When browsing the files we can note that 2015.csv
and 2016.csv
share the same format of column names and data. The 2017.csv
has the Region
column missing, some others named and ordered differently (Generosity
and Trust
are swapped). The same applies to the files 2018.csv
and 2019.csv
where we can't find the confidence intervals anymore. Moreover, the year is only contained in the file name, and not in a column.
Before starting our cleaning efforts, it's a good practice to create a separate virtual environment every time we start a new Python project. This ensures our default Python environment is not overloaded with possibly conflicting libraries. We can create a virtual environment and enable it like this:
python -m venv python_pg
source python_pg/bin/activate
The files need some work in order to produce a consistent view of the data, so let's put on our Python superhero mask. Start by installing the pandas library, which will help us with data manipulation and analysis, by executing the following code in your terminal:
pip install pandas
Now we can create a file named prepare.py
in our happiness
folder and start including some Python code in it. We'll start by importing the library installed earlier, together with os
and glob
which should be installed by default and enable the interaction with the operative system and pathname pattern expansion respectively.
import pandas as pd
import glob, os
Next, define the column names that we're going to use in our target DataFrame named all_years_df
to store the dataset once cleaned. Add the following lines to the prepare.py
file:
column_names = ['survey_yr', 'country', 'overall_rank',
'score', 'gdp', 'generosity', 'freedom',
'social_support', 'life_exp', 'gov_trust']
all_years_df = pd.DataFrame()
Now it's time to bring order to chaos and parse all the CSV files in the data
folder. Add the following code to the prepare.py
file:
files = glob.glob('data/*.csv')
for fp in files:
# Handling file names as new column
file_year = os.path.basename(fp).split('.')[0]
file_content = pd.read_csv(fp).assign(Year=int(file_year)-2000)
# Picking the right column for each file based on the year
uniformed_columns = find_columns(file_content, file_year)
# Conforming column names and appending the parsed year data to all_years_df
uniformed_columns.columns = column_names
all_years_df = pd.concat([all_years_df, uniformed_columns])
all_years_df.to_csv('results.csv', index=False)
The glob
function returns the list of files in the happiness/data
folder, that we loop over. For each file, we read the filename with os.path.basename
, split the name on the dot (.
) and take the first part, extracting only the year information. The file_content
line uses pandas' read_csv
function to load the file data and populates the new column Year
(using the assign
function) with the last two digits of the year (int(file_year)-2000
).
Next we call the find_columns
function, which we'll define soon, to select the correct columns from the source file depending on the year.
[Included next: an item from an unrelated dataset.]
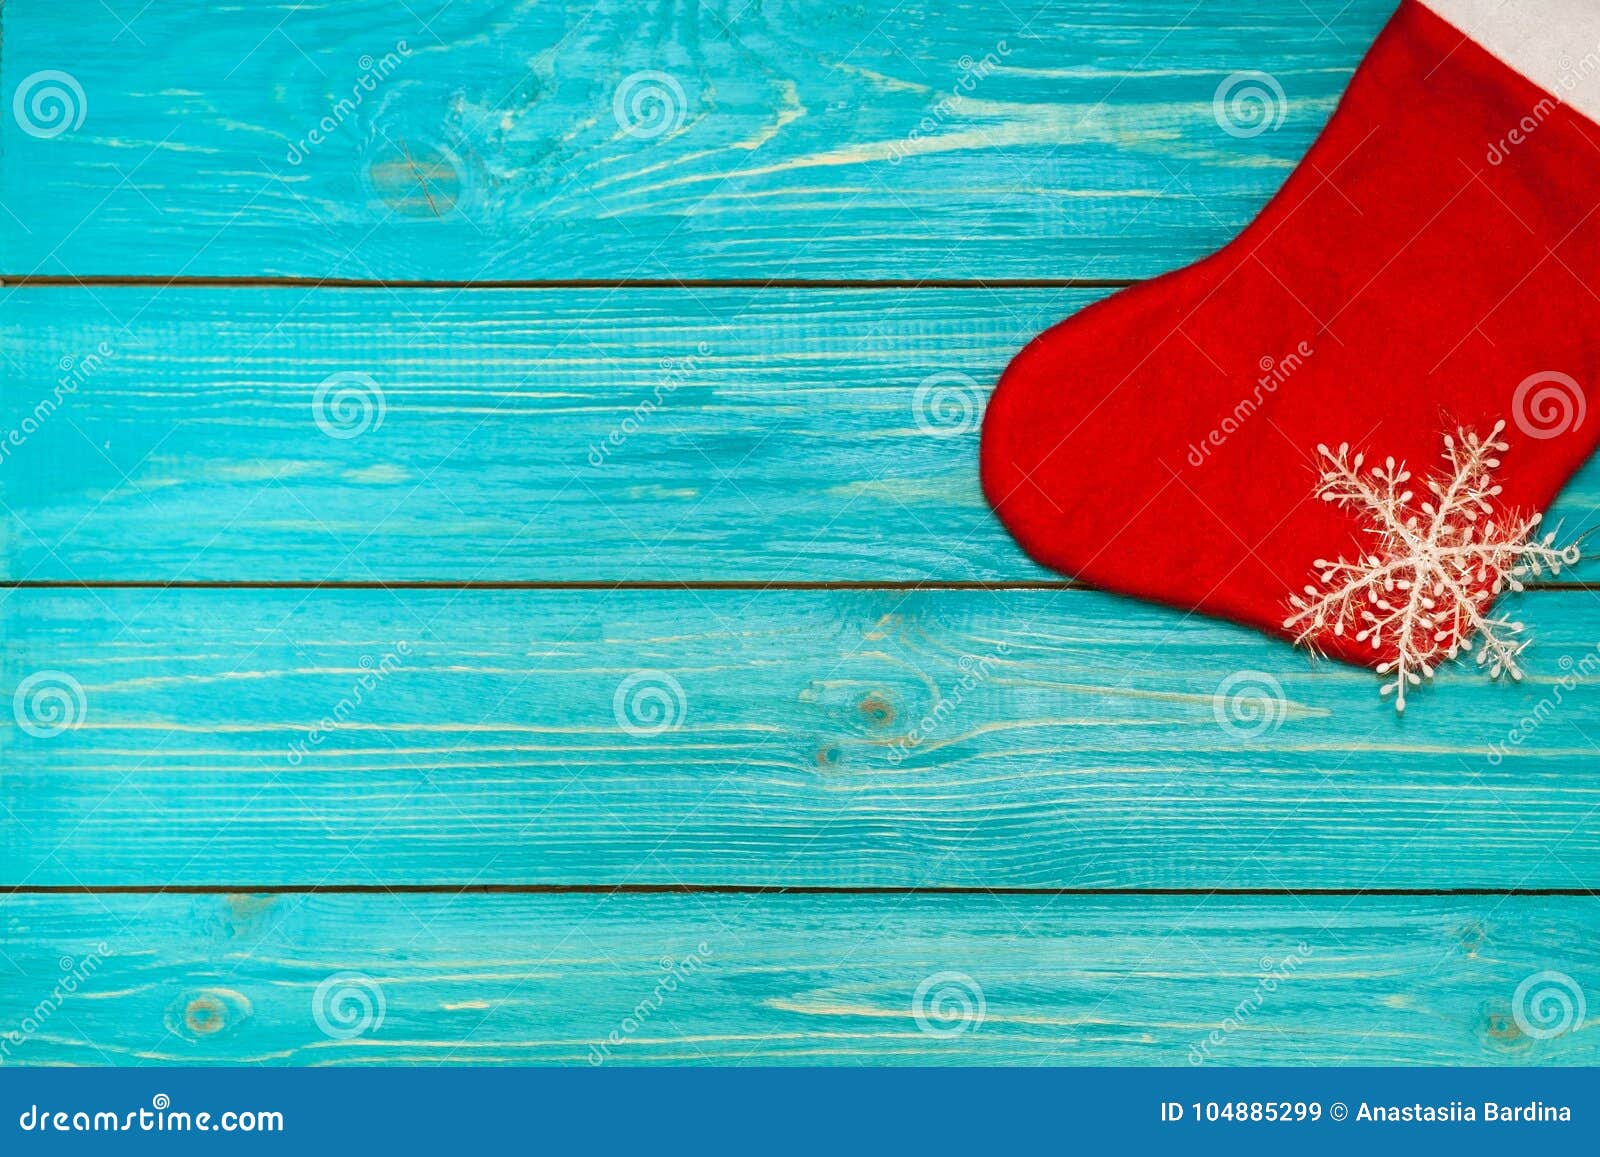 Christmas Sock with Gifts on Wooden Turquoise Background Stock Image ...

After that, we consolidate the column names in the uniformed_columns
DataFrame containing only one year of data, and then append it to the all_years_df
DataFrame that will contain the whole dataset at the end of the process. Lastly we store the end result in a CSV file named results.csv
in the happiness
folder.
Picking the correct columns
The missing part is the find_columns
function definition where we consolidate the column names and order. As mentioned above, depending on the year, we need to select the correct columns from the source file. Add the following code to the prepare.py
file, just after the import
statements, to perform the trick on various years:
def find_columns(file_content, file_year):
if file_year in ['2015', '2016']:
uniformed_columns = file_content[[
'Year', 'Country', 'Happiness Rank', 'Happiness Score',
'Economy (GDP per Capita)', 'Generosity', 'Freedom', 'Family',
'Health (Life Expectancy)', 'Trust (Government Corruption)'
]]
elif file_year in ['2017']:
uniformed_columns = file_content[[
'Year', 'Country', 'Happiness.Rank', 'Happiness.Score',
'Economy..GDP.per.Capita.', 'Generosity', 'Freedom', 'Family',
'Health..Life.Expectancy.', 'Trust..Government.Corruption.'
]]
else:
uniformed_columns = file_content[[
'Year', 'Country or region', 'Overall rank', 'Score',
'GDP per capita', 'Generosity', 'Freedom to make life choices',
'Social support', 'Healthy life expectancy',
'Perceptions of corruption'
]]
return uniformed_columns
The function picks the correct column for each year and returns the resulting DataFrame.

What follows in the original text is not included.